NUNUKAN.NIAGA.ASIA-Memasuki 4 tahun masa kepemimpinan sebagai kepada pemerintahan, Bupati Nunukan Hj. Asmin Laura menilai keuangan daerah masih pada posisi defisit dengan beban utang dibeberapa kegiatan fisik yang mengharuskan pembayaran.

“APBD Nunukan masih defisit, pemangkasan anggaran harus dilakukan untuk mengurangi beban keuangan daerah,” ucap Bupati Nunukan usai menghadiri sidang paripurna DPRD Nunukan, Kamis (13/06).
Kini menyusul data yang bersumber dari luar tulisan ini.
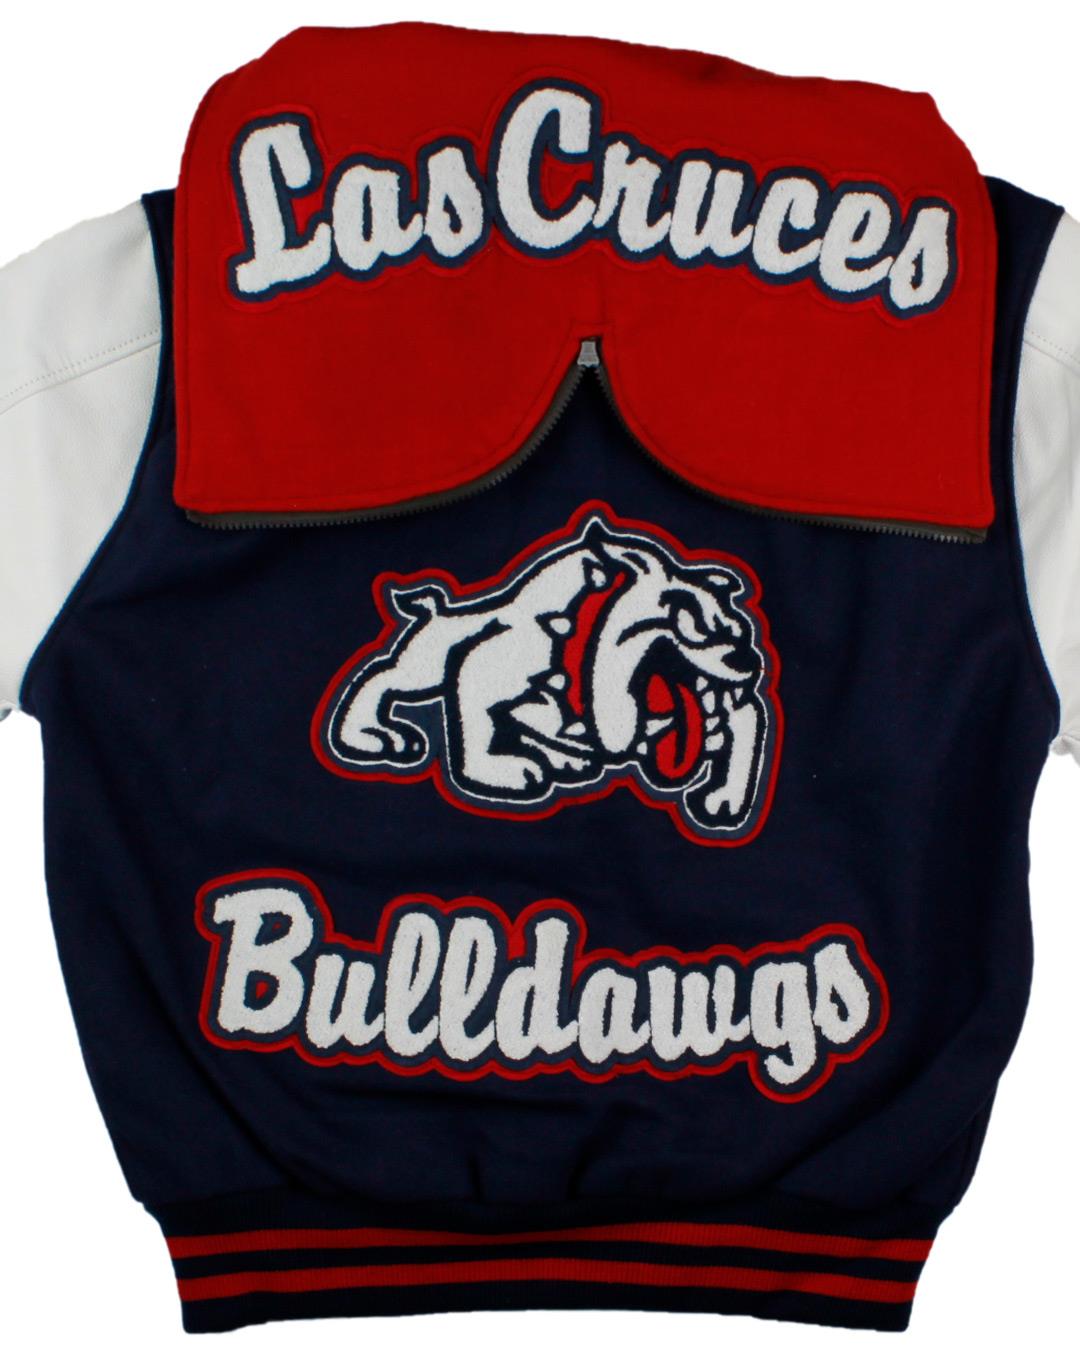 Las Cruces High School Letter Jacket, Las Cruces, NM  - Back

Meski dalam pososi defisit, Pemerintah Nunukan tetap berupaya membayar sisa-sisa utang pekerjaan yang telah dikerjakan tahun sebelumnya, pembayaran bertahap adalah cara kita menyelesaikan semua tunggakan utang.

Untuk membatasi pengeluaran APBD, kita telah mengintruksikan kepada Organisasi Pemerintah Daerah (OPD) terkait agar kegiatan yang telah diprogramkan tetap berjalan sesuai dengan kondisi dan keadaan keuangan daerah yang siap. “Keterbatasan keuangan membatasi pemerintah mengabulkan beberapa usulan di tiap Musrembang yang jika ditotal mencapai Rp16 tiliun pertahun,” sebutnya.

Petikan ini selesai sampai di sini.